簡単な英文(肯定文)を疑問文にするプログラム

Web検索をしたら、次のような面白い問題を見つけた



多分この質問者はLisp初心者だ。「書いたコードがエラーを出してるんで解決法を」ってのが質問なんだけど、ここでは「これより良いコードを書くにはどうすればいい」ってのをテーマとする。
さて、どうするか。

見たら分かるが、このコードはLisp初心者にありがちな「破壊的変更」で埋め尽くされているコードとなっている。
恐らくこの人は他の言語に於けるプログラミング言語の経験者、ではあると思う。他の「代入を多用する」言語を扱ってるとこういうスタイルのLispプログラミングは良く行われる、んだ・・・Emacs Lispなんかはこういうコードに溢れている(笑)。
確かにこれだと「Lispは括弧がやたら多い」プログラミング言語、って印象にならざるを得ないよな。
どう見ても「括弧の多さ」に必然性があるように見えない。

さて、これもこの問題で見た通り、「リストを使ってリストを加工する」に類した問題、なんだ。
従って大枠としてはreduceを使う、ってのが方針となる。
また、argに与えられたリストに対して、個別にBe動詞、つまりam、is、are、was、wereを適用していこう、ってのも「Lispの考え方」じゃない。

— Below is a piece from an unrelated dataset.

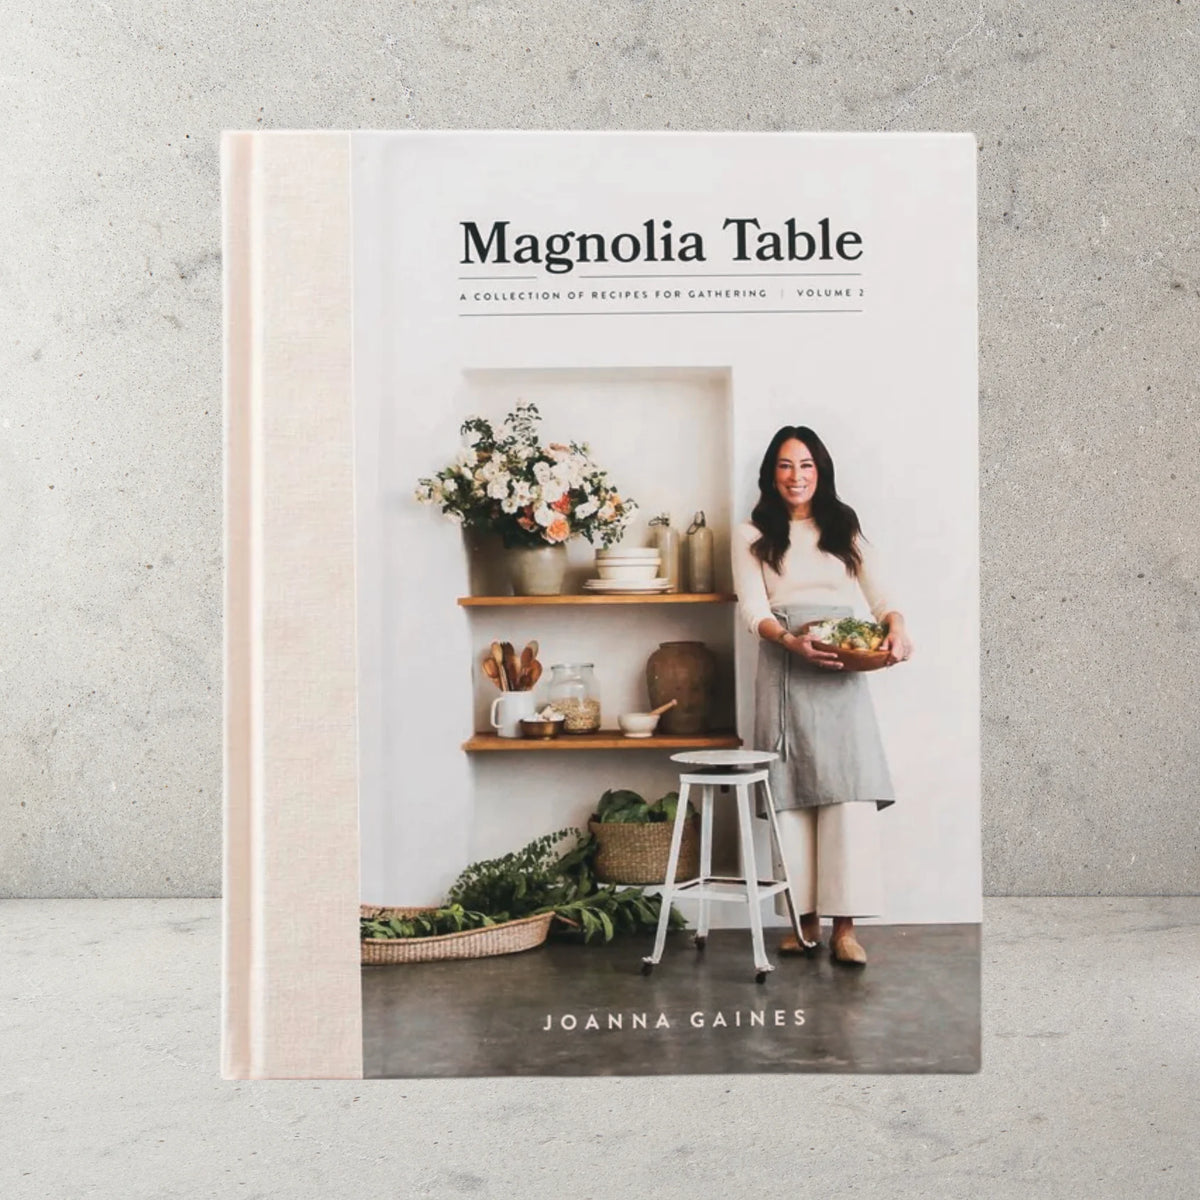 Magnolia Table Cookbook with hard cover by Joanna Gaines. Cover show picture of Joanna with fresh flowers, styled shelves, utensils and more.

僕らにはmemberと言う関数があるんで、これを徹底活用すべきだ。
まず、第一段階、として考えられるANSI Common Lispでのコードは次のようになるだろう。

(defun question (arg)
 (let ((be (caar
     (remove nil
         (reduce #'(lambda (y x)
              (cons (member x arg :test #'eq) y))
             '(am is are was were) :initial-value nil)))))
  (when be
   `(,be ,@(remove be arg) ?))))

例えば、'(this is a simple lisp function)と言うリストに対してreduceを適用した心臓部を

CL-USER> (reduce #'(lambda (y x)
          (cons (member x '(this is a simple lisp function)
                 :test #'eq) y))
         '(am is are was were) :initial-value nil)
(NIL NIL NIL (IS A SIMPLE LISP FUNCTION) NIL)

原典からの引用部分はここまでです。